Simple Errors Be dilligent when manipulating text directly now that characters occupy more than 1 byte. Frequently this just means multiplying some value by the size of an element such as when calulating the number of bytes occupied by a run of text (or use tmemcpy):
```
    siz = (src - start + 1) * sizeof *src;
```

There are most certainly other problems and incompatabilies that I have omitted here. If you encounter any such example, please drop me a mail.

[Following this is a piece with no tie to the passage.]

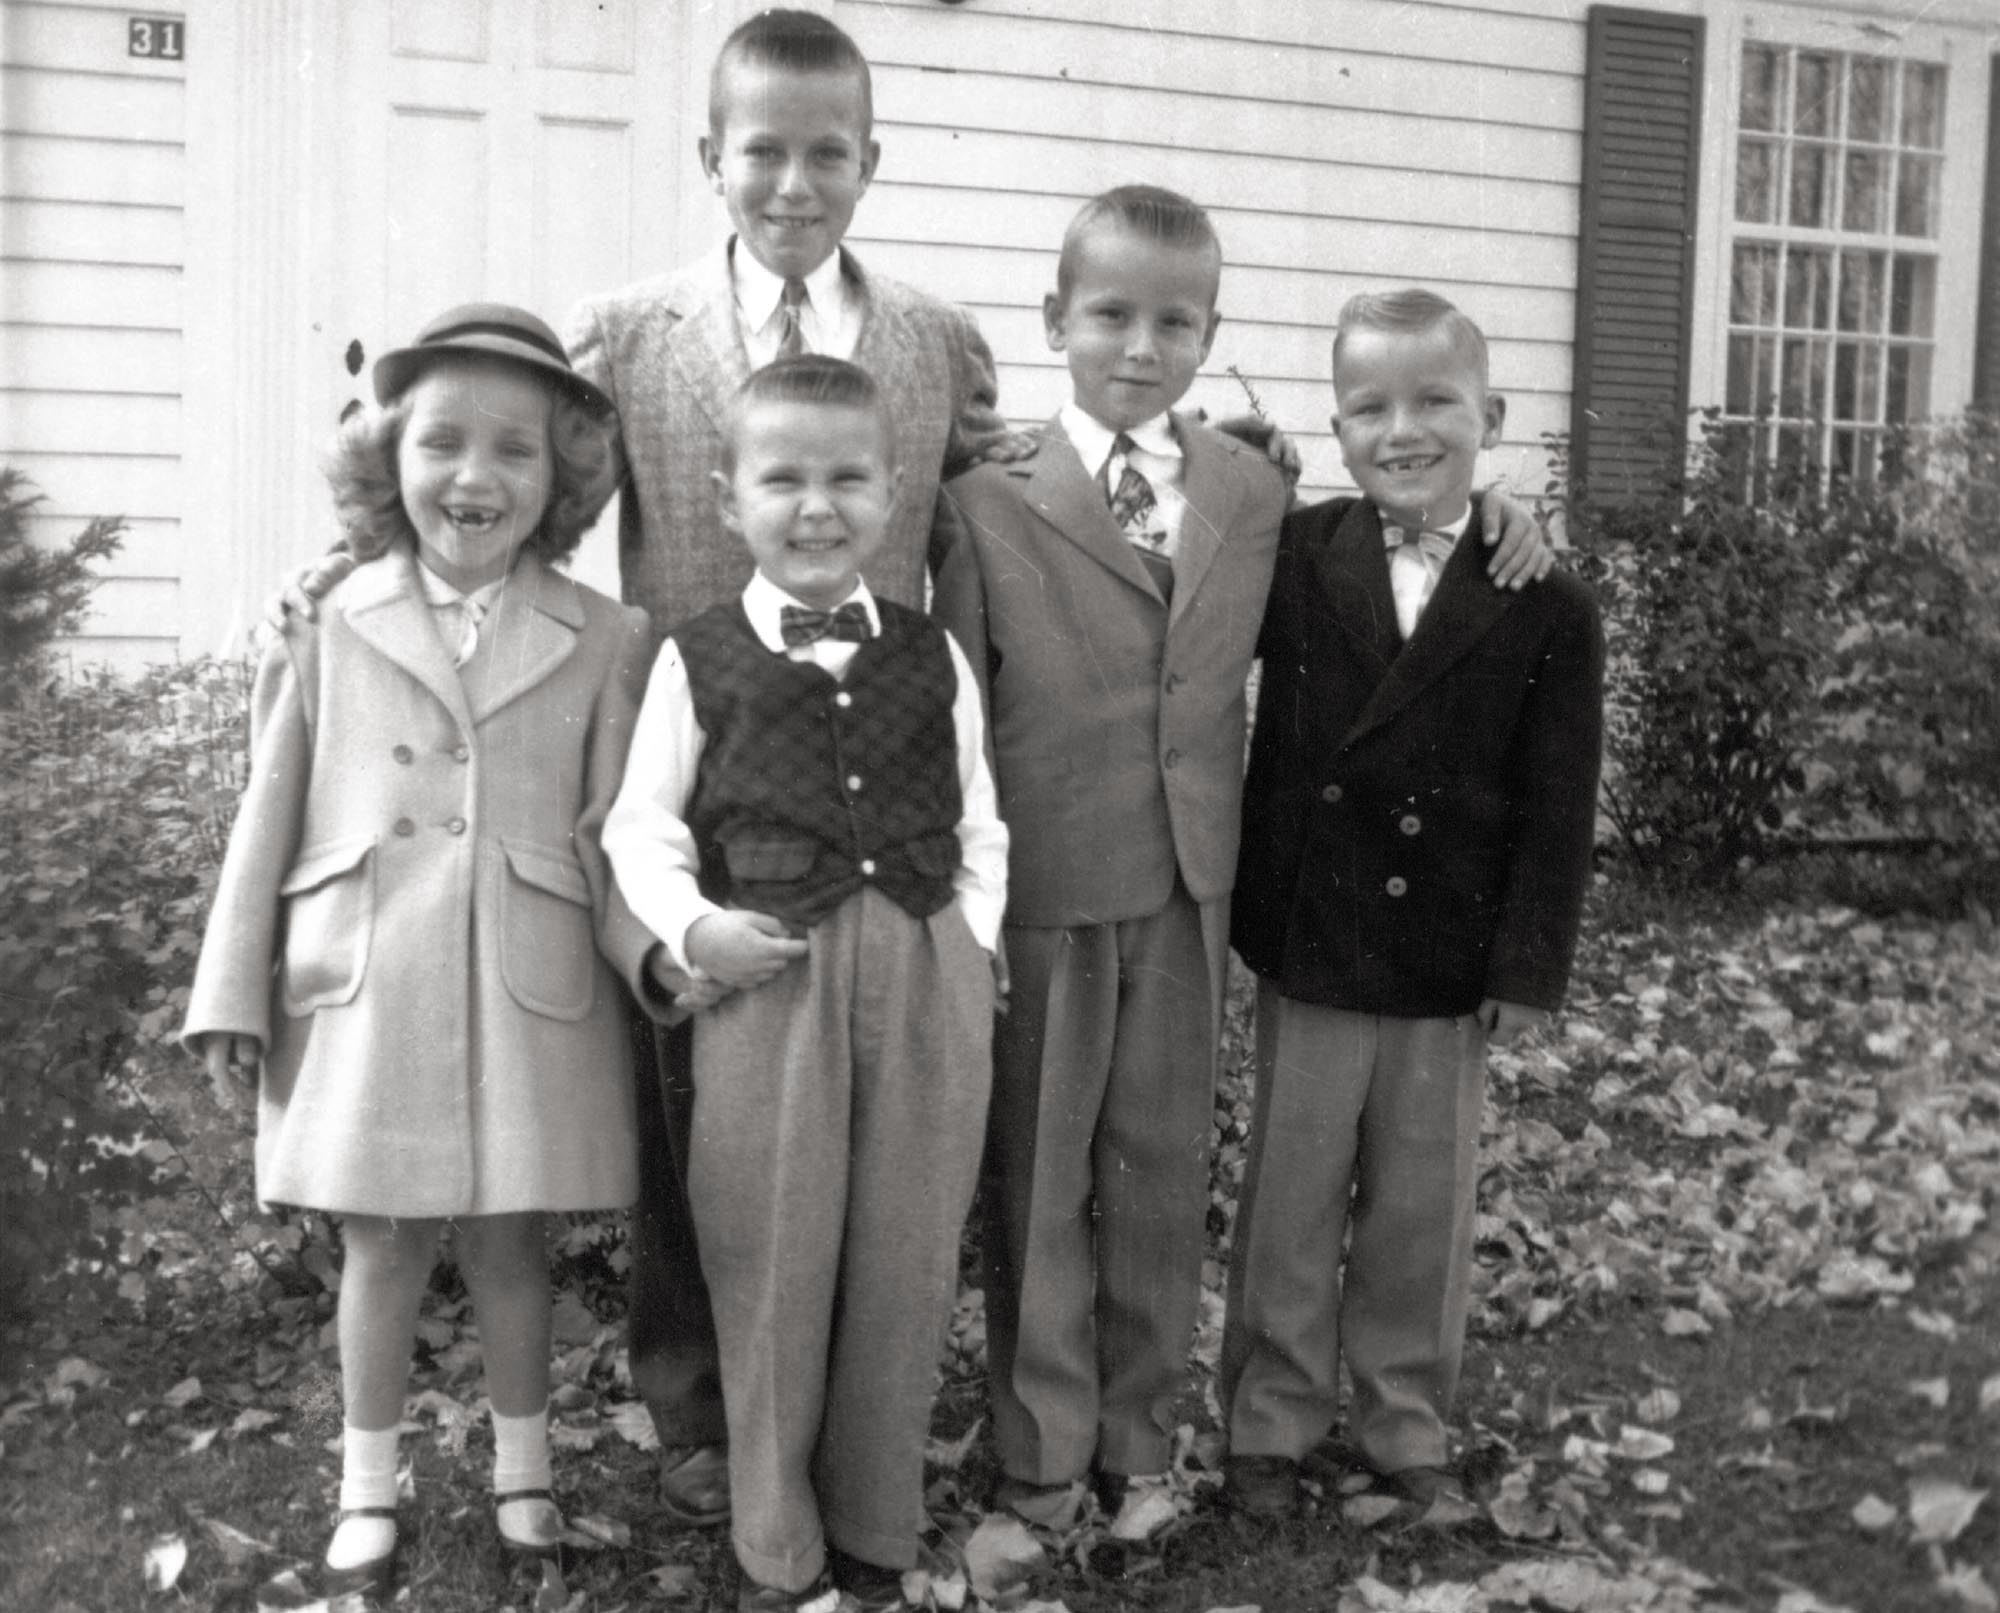 Dad's shot of myself, brothers and family friends on a Sunday in 1957.

TCHAR in Microsoft Windows

For programmers that have used the variety of string handling functions on the Microsoft Windows platform this character abstraction technique should look familar. It is indeed the same. The abstract character type in the Win32 environment is named TCHAR in uppercase rather than lower and the string functions are prefixed with _tcs like _tcsncpy rather than tcsncpy but after macro processing the resulting code is the same. The identifier names where chosen to be the same as those found on Windows (minus a few Windows coding conventions that clash with Unix/Linux conventions) simply becuase the Windows platform is very popular and there was no practical reason to use different names. The exception is that USE_WCHAR is used to signal that wide characters should be used rather than _UNICODE because on Unix and Unix-like systems multi-byte strings support Unicode in the UTF-8 locale which would make the _UNICODE macro somewhat inaccurate.